Sandy Weill was interviewed by me on March 4 - literally one week after his momentous discussion with Reed. Thus, that interview placed DIRECTORS & BOARDS virtually "present at the creation."

Several twists flow from this chronological fortuity. Since Weill on March 4 knew of his proposal to Reed one week before but DIRECTORS & BOARDS did not, Weill's answers to my questions can be analyzed on several different levels.

An example: As presented at the end of the interview below, Weill and I discussed his experience at American Express in the 1980s, where he had not succeeded in creating a "financial supermarket." Weill noted that "what I had hoped to happen at American Express didn't happen at that particular location, but it didn't mean that my concept was wrong. It was just that the people together weren't able to make it happen. Here we go again, right?"

At the time, I took these comments to mean both that (a) given Travelers' late- 1997 acquisition of Salomon Brothers, Weill had already created, in significant part, what he had tried to do at American Express, and (b) notwithstanding the $9 billion Salomon acquisition, Weill intended to take further steps in the future to expand Travelers' reach globally. Thus, two levels of meaning. However, the fact that one week earlier Weill had commenced negotiating the Citicorp merger plainly infuses his "Here we go again" with a third tranche of significance.

Another example: During the interview, Weill predicted further consolidation within the financial services industry. He referred to banks, brokerages, and insurance. But his remarks are laden with ambiguity: Did he mean that he foresaw more banks consolidating with banks, brokerages with brokerages, and insurers with insurers? Did he mean a continuation of some of the bank/brokerage acquisitions we have seen in the past year or so (e.g., BankAmerica's acquisition of Robertson Stephens)? Or, was he instead thinking about his own gargantuan, ground-breaking deal with Citicorp?

These and other ambiguities are present throughout the interview. It provides a rare opportunity for DIRECTORS & BOARDS readers to gain insight into the personality and thinking of a CEO one week after the secret initiation of a deal that alters forever the financial services global landscape.

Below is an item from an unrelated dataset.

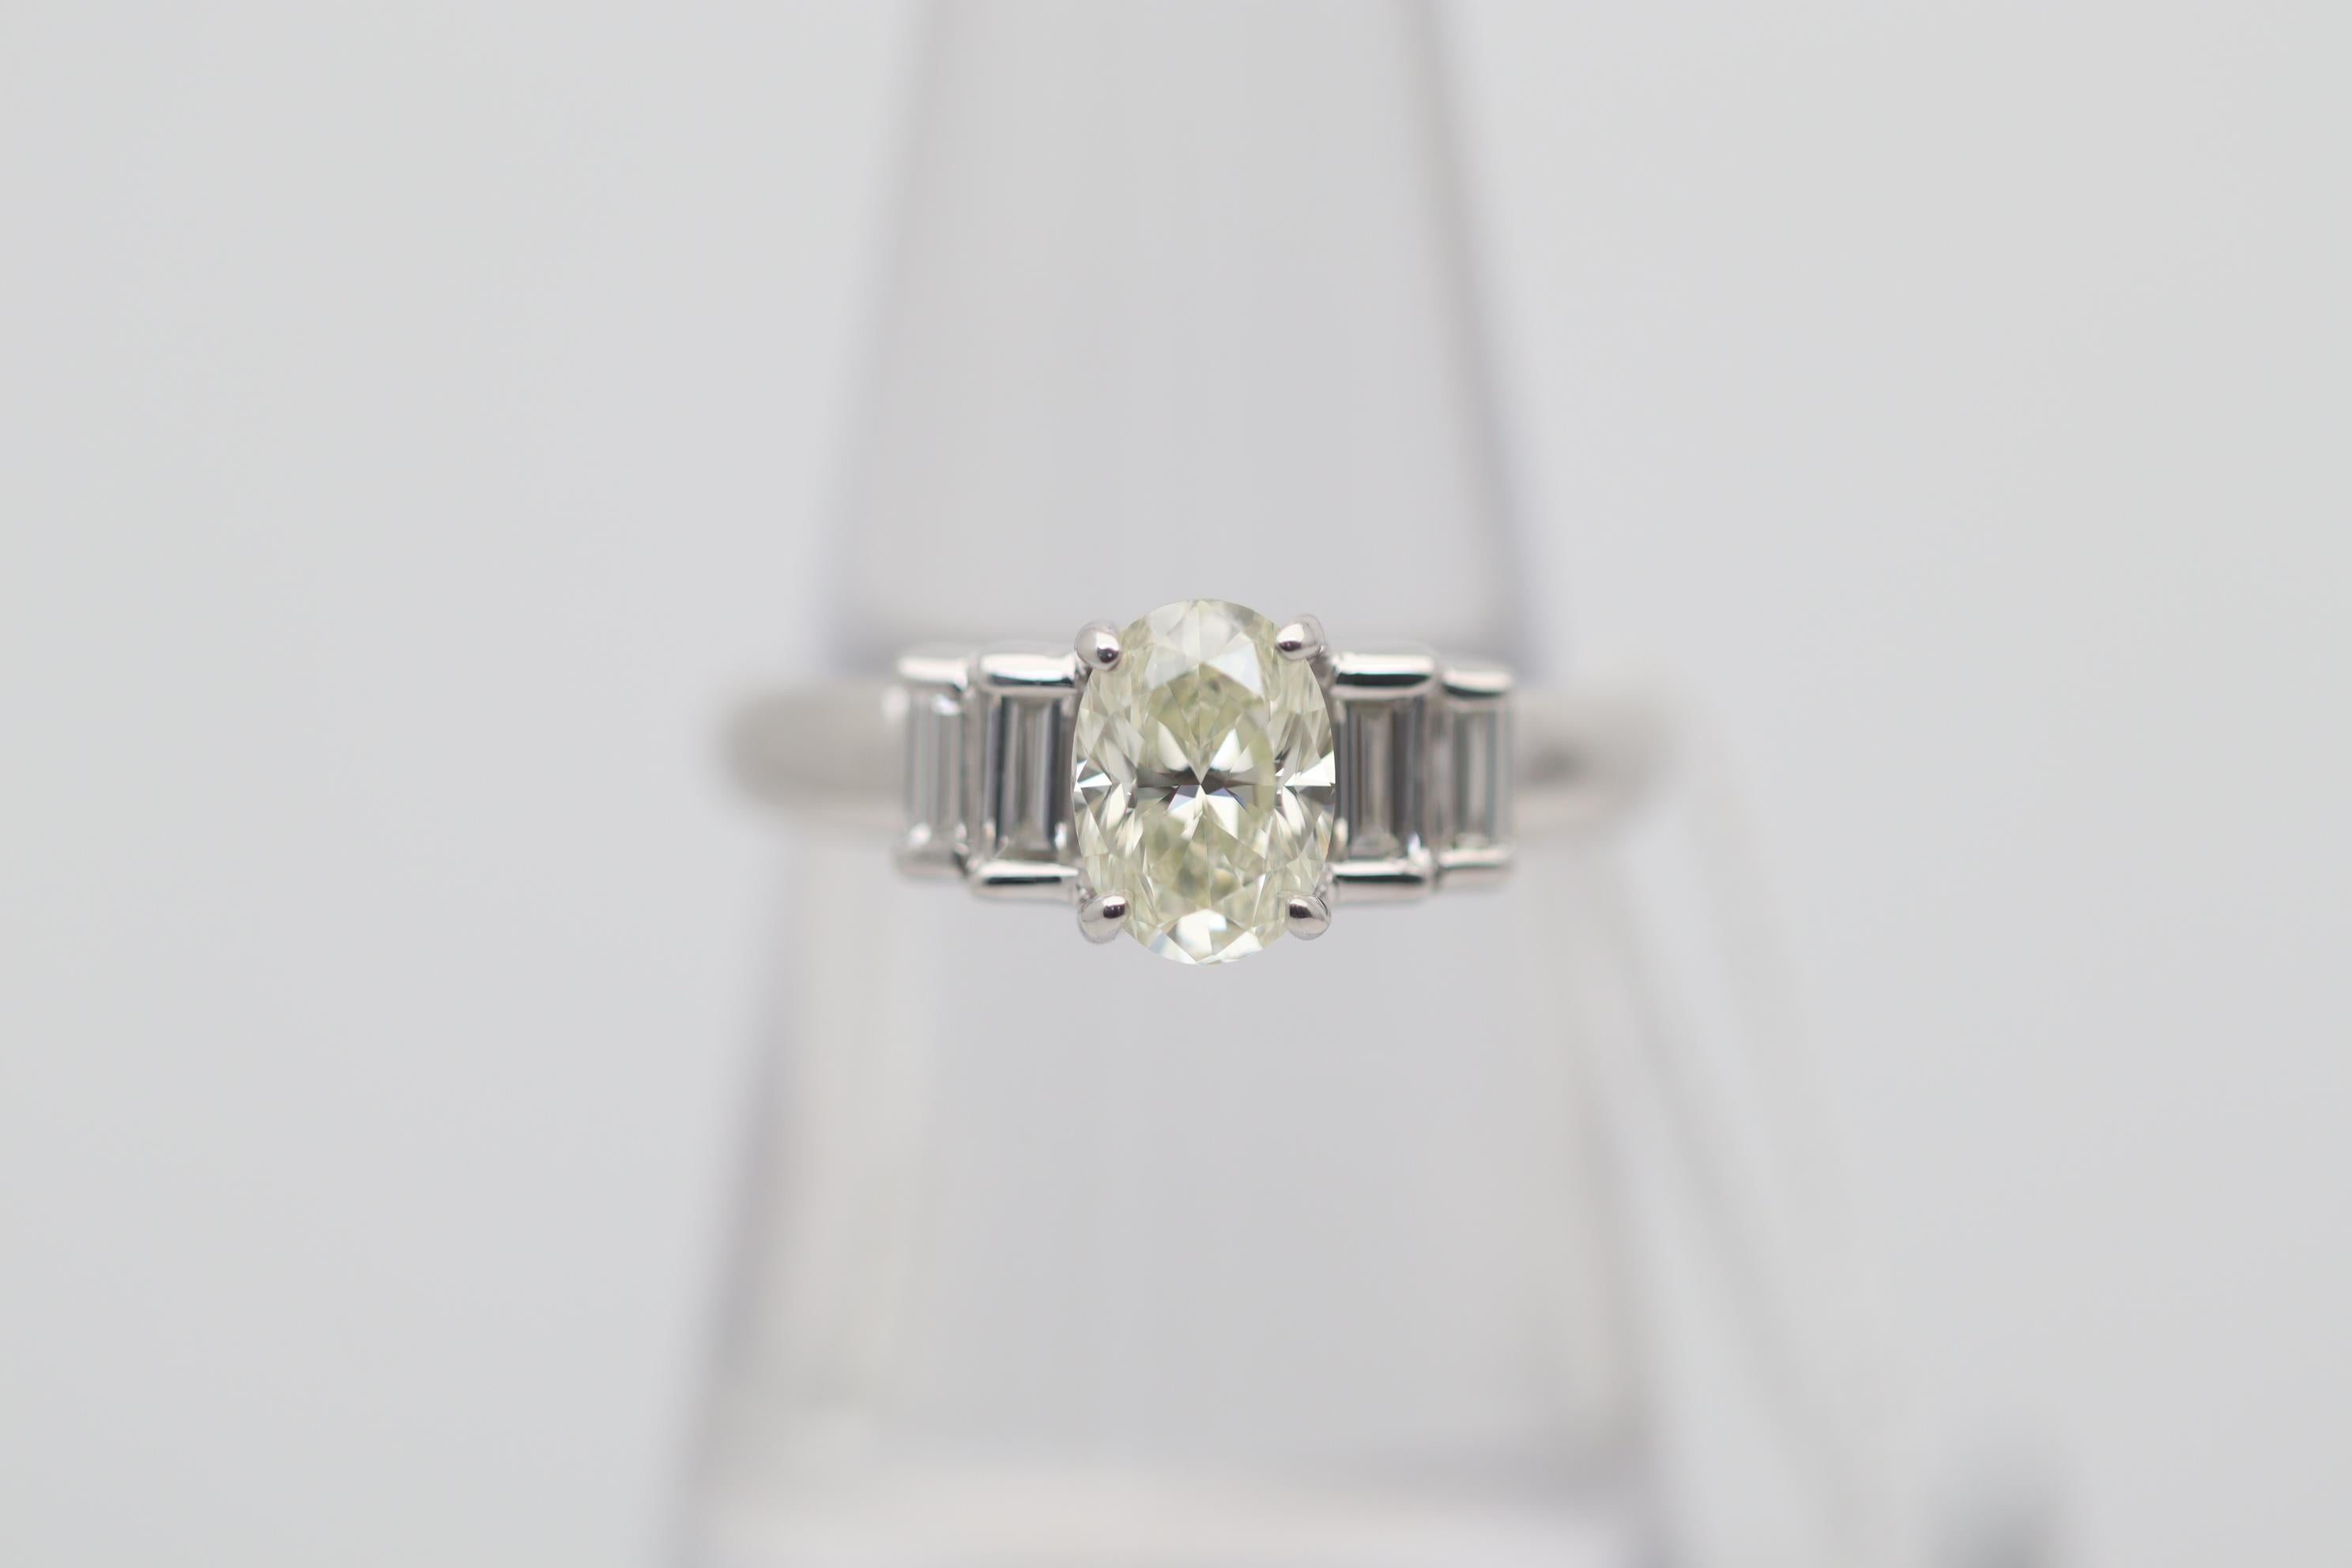 Ein klassischer und stilvoller Verlobungsring mit einem ovalen Diamanten von 1,04 Karat. Er hat eine ausgefallene, sehr hellgelbe Farbe und eine hohe Reinheit (VS2), wodurch der Stein augenrein und ohne sichtbare Einschlüsse ist. Ergänzt wird er

Sandy Weill started out in 1955 as a "runner" (i.e., a messenger) for Bear Stearns. In 1960, when in his late 20s, he borrowed heavily to start a brokerage firm with three friends. Throughout the 1970s, that firm - originally Carter, Berlind, Potoma & Weill but renamed CBWL to reflect the participation of Arthur Levitt, currently SEC Chairman - absorbed several substantially larger brokerages, including the well-known firms Shearson Hamill and Loeb Rhoades Hornblower. The resulting enterprise was sold to American Express in 1981 for almost $1 billion; Weill personally received about $30 million. In 1983, he became number-two man at American Express to CEO James Robinson III.

Things did not work out for Sandy Weill at American Express as well as they had in his earlier endeavors. After having unsuccessfully tried to convince American Express to sell him its Fireman's Fund subsidiary (which he had taken a principal role in turning around), he left. It was summer 1985. Weill was just 53. And he was unemployed. Come September, most of his friends would return, post-vacation, to jobs in large organizations where they held positions of power and influence. Weill would not. Indeed, when asked as late as spring 1986 by Carol Loomis of Fortune for an interview appointment, Weill replied: "Name your time. I'm free."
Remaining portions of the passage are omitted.